> [What the exercise asks] Take the line containing "Nintendo Switch actualiza" as the first and the last line of the records below as the end, and please set down only what lies between them exactly, both ends included.

> [Records provided]
+---+

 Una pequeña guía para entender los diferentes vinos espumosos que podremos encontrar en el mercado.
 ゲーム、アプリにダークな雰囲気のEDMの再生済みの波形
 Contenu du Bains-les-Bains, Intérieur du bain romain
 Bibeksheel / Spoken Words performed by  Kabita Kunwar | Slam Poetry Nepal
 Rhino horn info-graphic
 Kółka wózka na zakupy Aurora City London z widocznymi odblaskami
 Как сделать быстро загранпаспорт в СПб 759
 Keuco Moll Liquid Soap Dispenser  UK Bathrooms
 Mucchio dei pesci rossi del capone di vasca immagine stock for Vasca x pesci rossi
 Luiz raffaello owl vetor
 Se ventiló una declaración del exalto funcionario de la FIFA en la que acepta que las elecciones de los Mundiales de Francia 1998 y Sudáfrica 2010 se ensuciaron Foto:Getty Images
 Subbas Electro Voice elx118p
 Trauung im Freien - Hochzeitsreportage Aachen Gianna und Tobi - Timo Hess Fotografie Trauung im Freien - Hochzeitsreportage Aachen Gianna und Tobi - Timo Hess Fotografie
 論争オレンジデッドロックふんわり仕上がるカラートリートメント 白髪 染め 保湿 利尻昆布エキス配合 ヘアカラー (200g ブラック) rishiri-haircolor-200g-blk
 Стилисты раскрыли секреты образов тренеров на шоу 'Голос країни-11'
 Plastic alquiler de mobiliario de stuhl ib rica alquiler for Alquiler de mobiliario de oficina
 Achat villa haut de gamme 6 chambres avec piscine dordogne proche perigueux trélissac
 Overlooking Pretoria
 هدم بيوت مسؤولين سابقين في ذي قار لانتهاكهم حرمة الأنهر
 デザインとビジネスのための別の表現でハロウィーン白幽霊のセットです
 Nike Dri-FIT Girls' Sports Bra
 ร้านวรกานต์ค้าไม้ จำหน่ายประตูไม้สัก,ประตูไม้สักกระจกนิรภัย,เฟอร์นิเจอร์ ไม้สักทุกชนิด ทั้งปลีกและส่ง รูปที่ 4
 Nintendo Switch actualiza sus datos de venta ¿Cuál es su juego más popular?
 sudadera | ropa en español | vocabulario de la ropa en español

+---+

> [Response]
 Nintendo Switch actualiza sus datos de venta ¿Cuál es su juego más popular?
 sudadera | ropa en español | vocabulario de la ropa en español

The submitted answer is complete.